Session: Manifold optimization with special metrics
Chair: Max Pfeffer
Cluster: Optimization on Manifolds
Talk 1: Riemannian optimization methods for ground state computations of multicomponent Bose-Einstein condensates
Speaker: Tatjana Stykel
Abstract: In this talk, we address the computation of ground states of multicomponent Bose-Einstein condensates by solving the underlying energy minimization problem on the infinite-dimensional generalized oblique manifold.
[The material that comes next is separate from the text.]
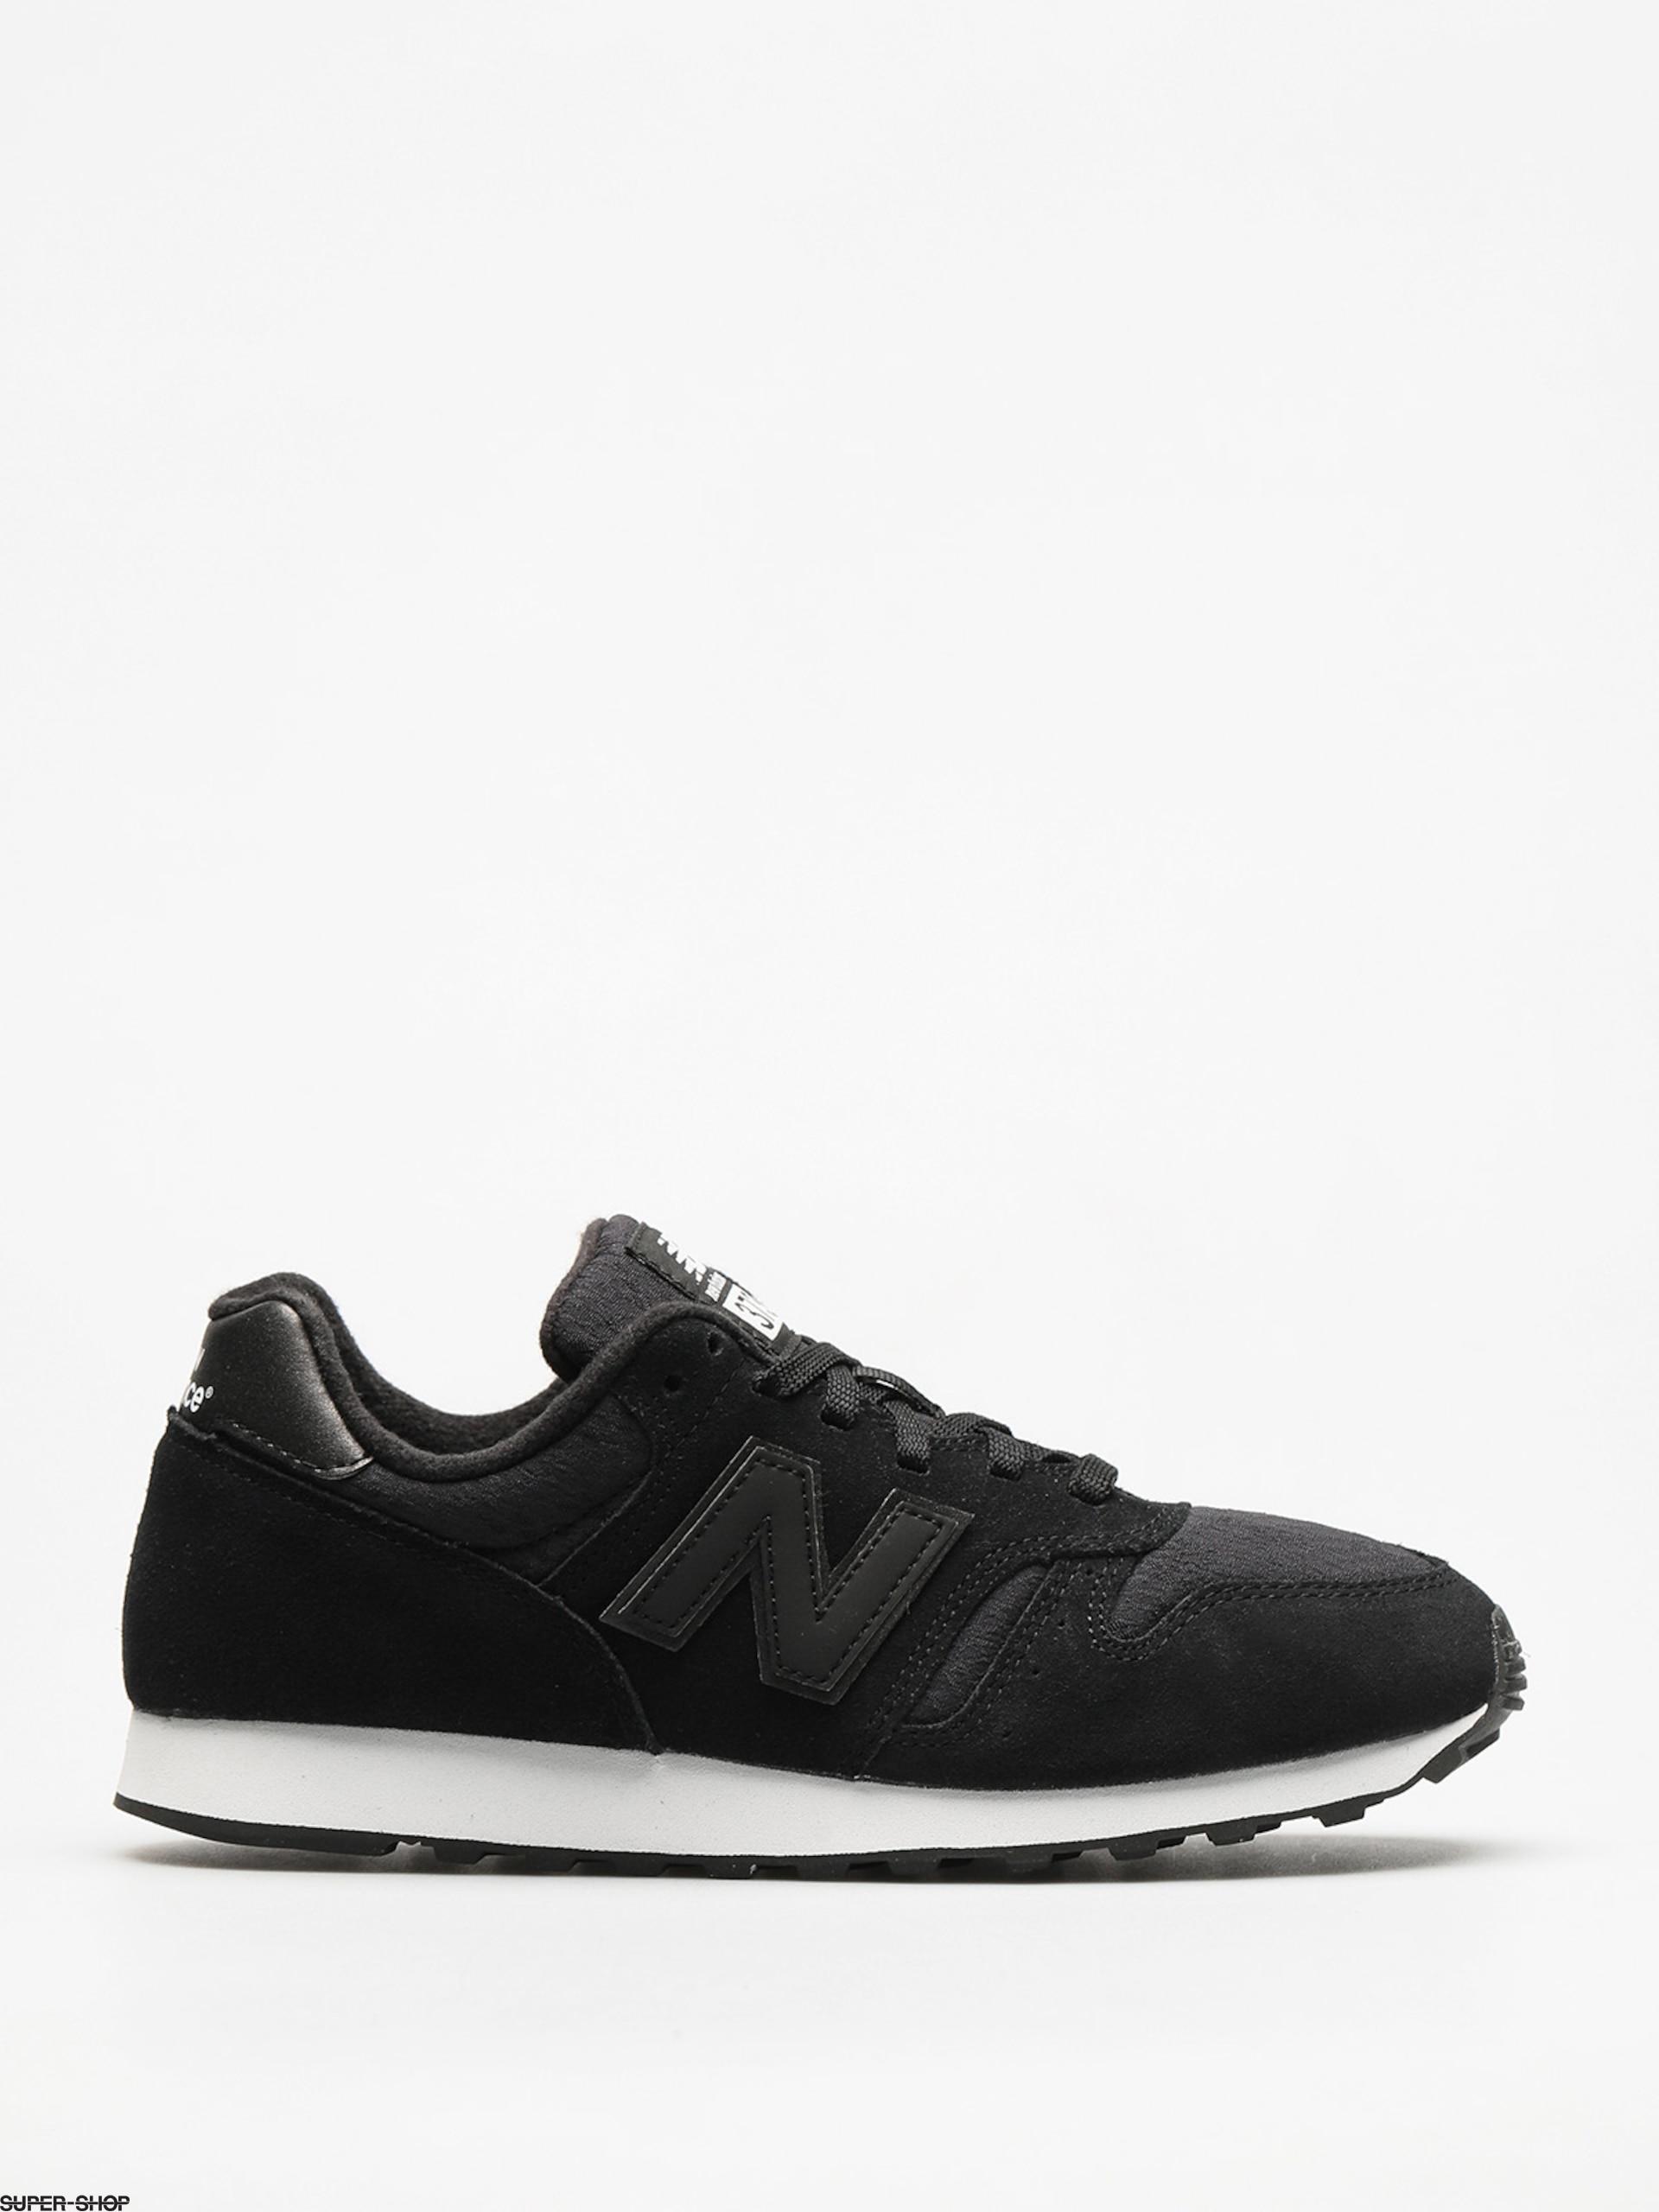 new style 2d129 66e98 New Balance Schuhe 373 Wmn (black/white)

First, we discuss the existence and uniqueness of a ground state with non-negative components and its connection to the coupled Gross-Pitaevskii eigenvector problem. Then, we study the Riemannian structure of the generalized oblique manifold by introducing several Riemannian metrics and computing important geometric tools such as orthogonal projections and Riemannian gradients. This allows us to develop the Riemannian gradient descent methods based on different metrics. Exploiting first- and second-order information of the energy functional for the construction of appropriate metrics makes it possible to incorporate preconditioning into Riemannian optimization, which significantly improves the performance of the optimization schemes. A collection of numerical experiments demonstrates the computational efficiency of the proposed methods. (Joint work with R. Altmann, M. Hermann, and D. Peterseim)
Talk 2: Approximating maps into manifolds with multiple tangent spaces
Speaker: Hang Wang
Abstract: A manifold-valued function takes values from a Euclidean domain into a manifold. Approximating a manifold-valued function from input-output samples consists of modeling the relationship between an output on a Riemannian manifold and the Euclidean input vector. In this talk, I will present algorithms for building a surrogate model to approximate either a known or an unknown manifold-valued function. The proposed methods are based on pullbacks to multiple tangent spaces and the Riemannian center of mass, hereby relying on Riemannian optimization algorithms. The effectiveness of this scheme will be illustrated with numerical experiments for a few model problems.
Talk 3: The injectivity radii of the Stiefel manifold under a one-parameter family of deformation metrics
Speaker: Ralf Zimmermann
Abstract: The injectivity radius of a manifold is an important quantity, both from a theoretical point of view and in terms of numerical applications. It is the largest possible radius within which all geodesics are unique and length-minimizing. In consequence, it is the largest possible radius within which calculations in Riemannian normal coordinates are well-defined. A matrix manifold that arises frequently in a wide range of practical applications is the compact Stiefel manifold of orthogonal p-frames in the Euclidean n-space. Its geometry may be considered under a one-parameter family of deformation metrics. We observe that the associated geodesics are space curves of constant Frenet curvatures. In combination with tight sectional curvature bounds, this allows us to determine the injectivity radius of the Stiefel manifold for a large subset of the one-parameter family of metrics that includes the Euclidean metric.